• Supplied material:
⁂
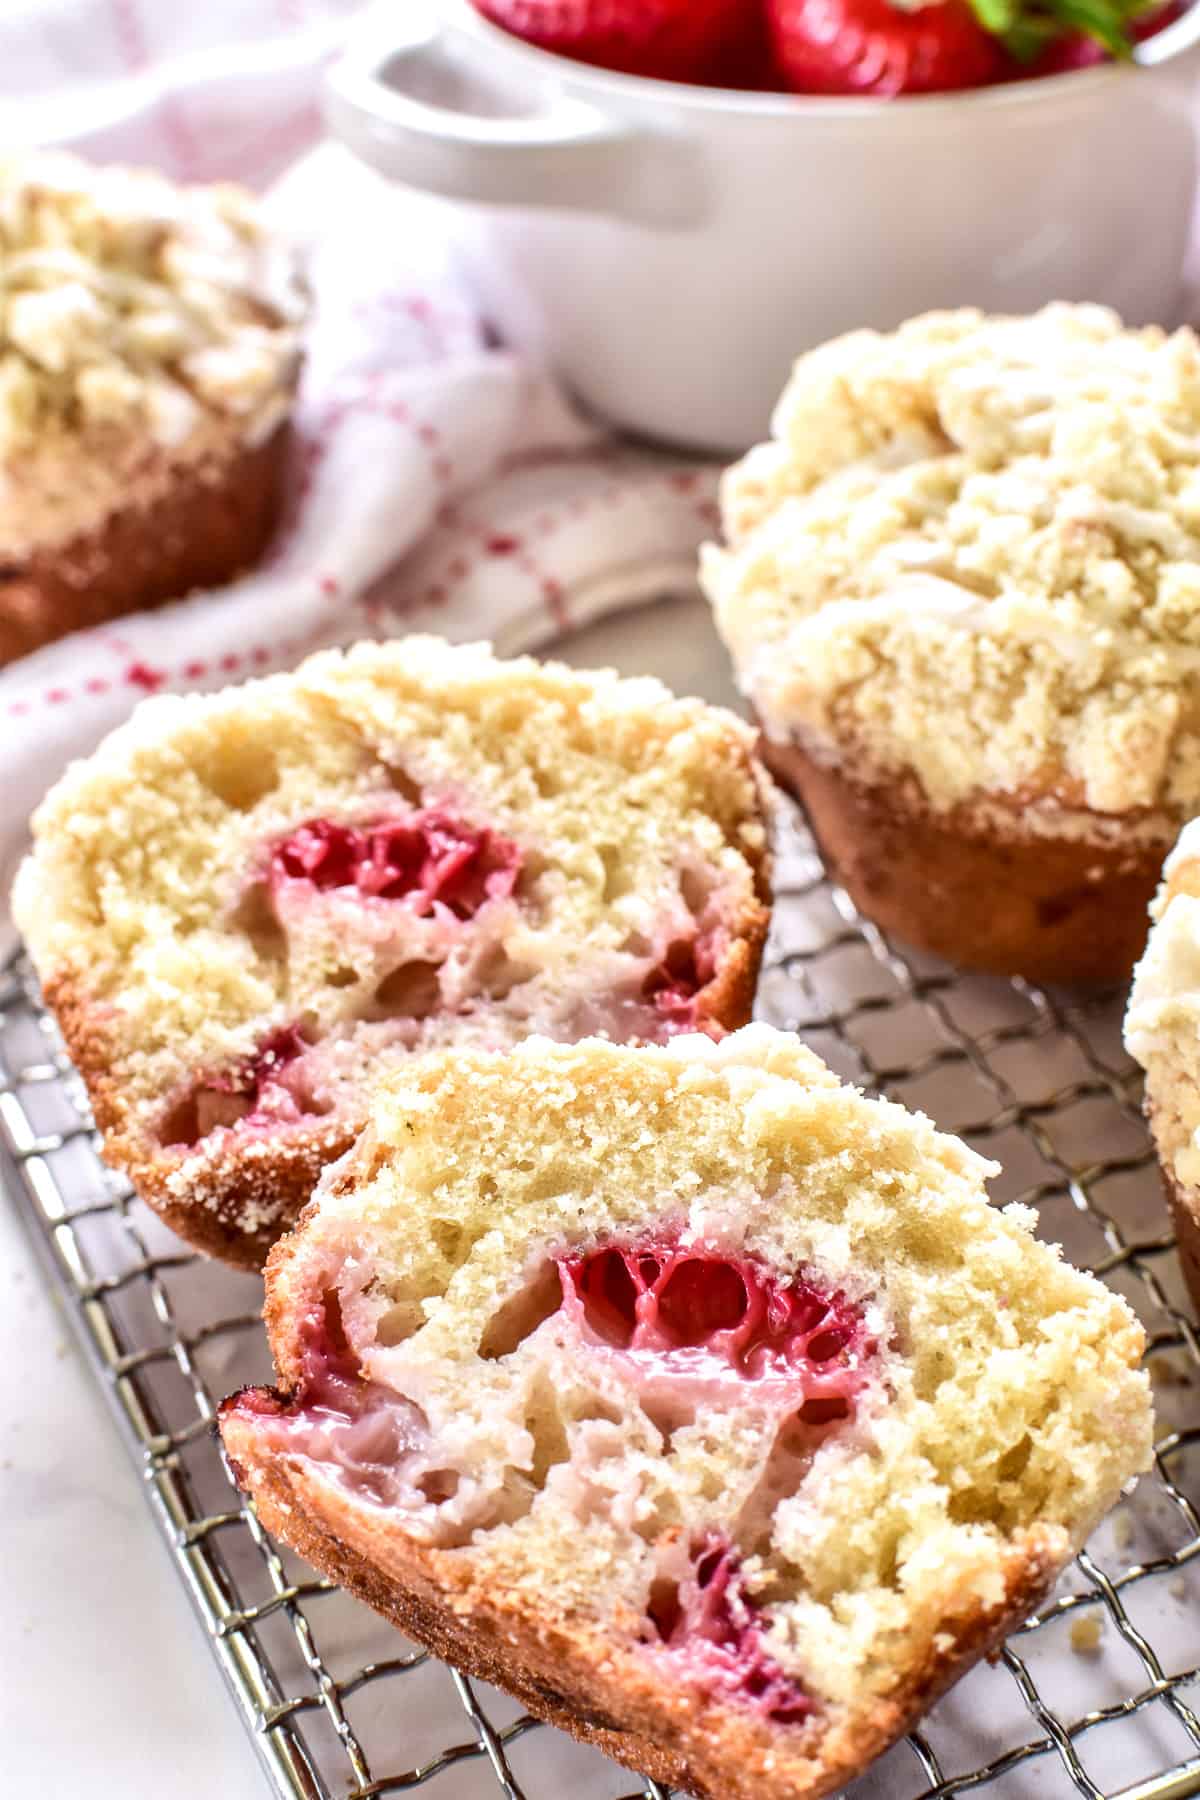 Strawberry Muffin cut in half with strawberries inside
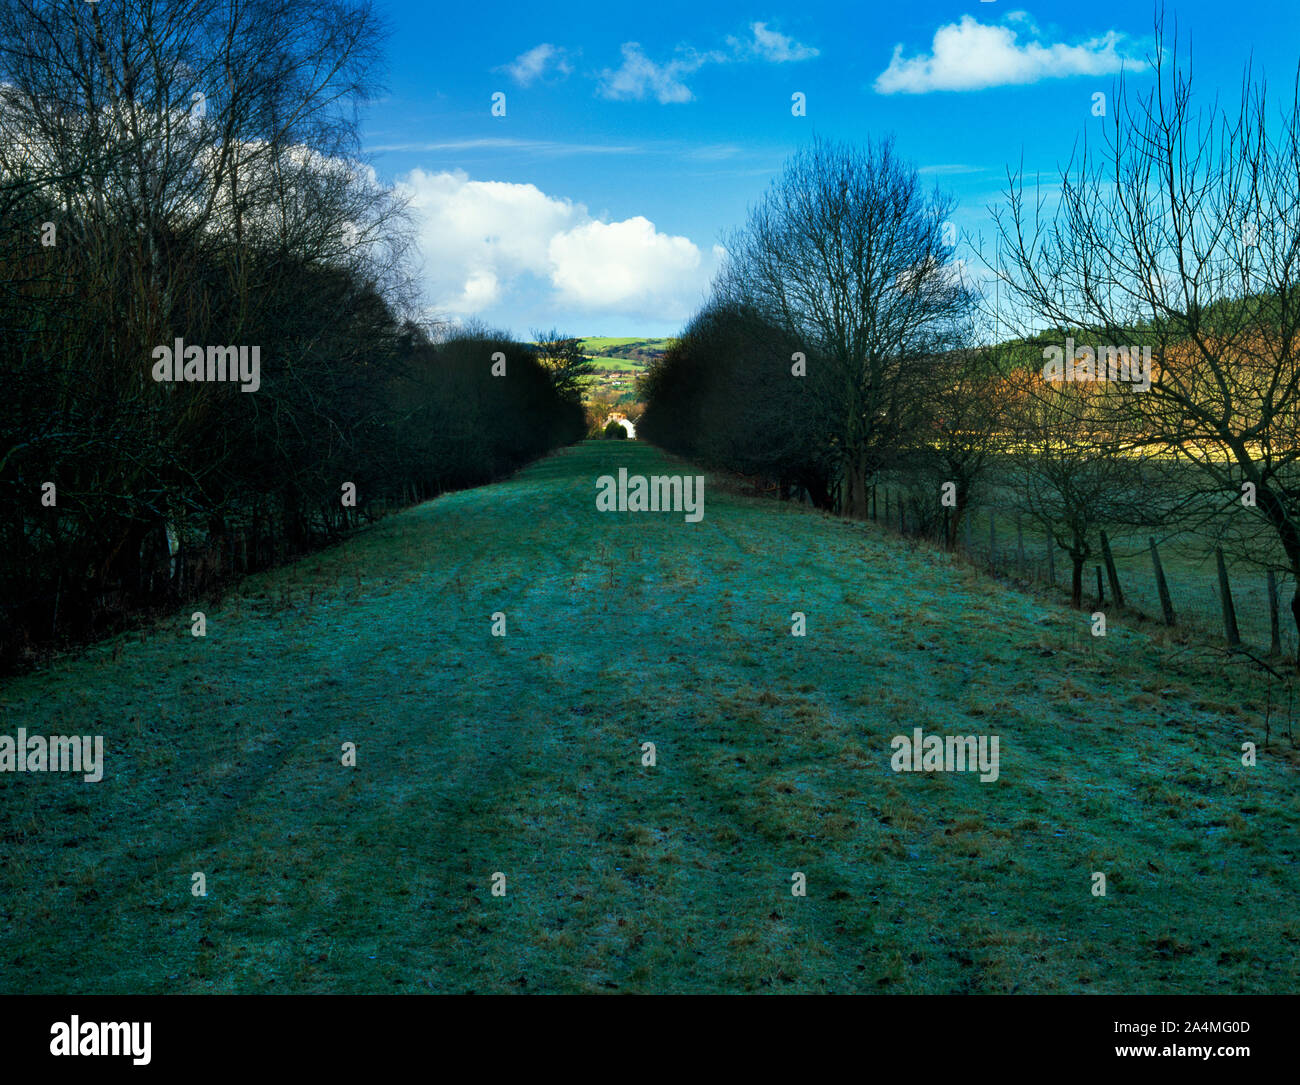 View NW from Old Pandy Mill along the embankment of the former Mold and Denbigh Junction Railway at Afon-wen, Flintshire, Wales, UK. Stock Photo
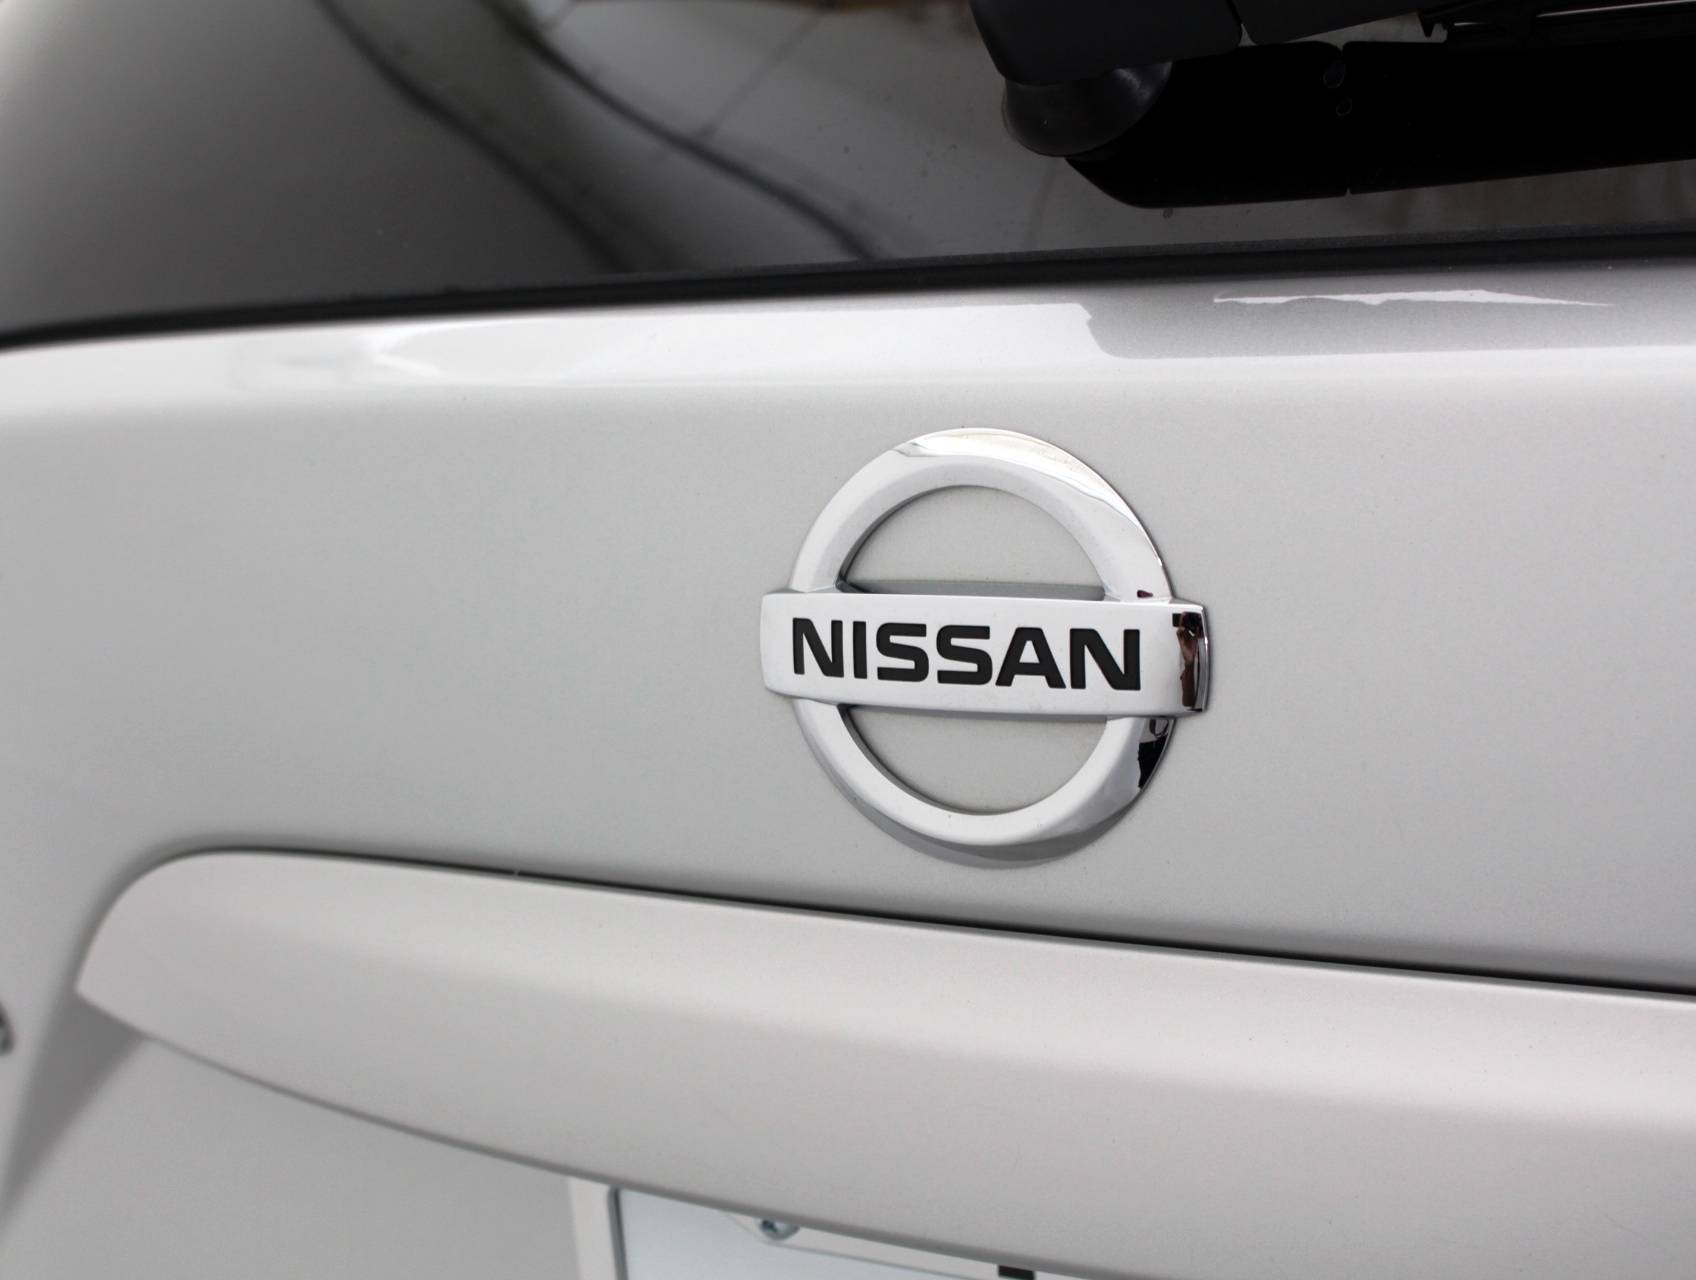 Florida Fine Cars - Used NISSAN MURANO 2016 WEST PALM S
⁂
• Task to carry out: Only an exact copy of the lines from the one with "View NW from" through the last line of the listing should be given; pictures must not be included.

• Exercise result:
 View NW from Old Pandy Mill along the embankment of the former Mold and Denbigh Junction Railway at Afon-wen, Flintshire, Wales, UK. Stock Photo
 Florida Fine Cars - Used NISSAN MURANO 2016 WEST PALM S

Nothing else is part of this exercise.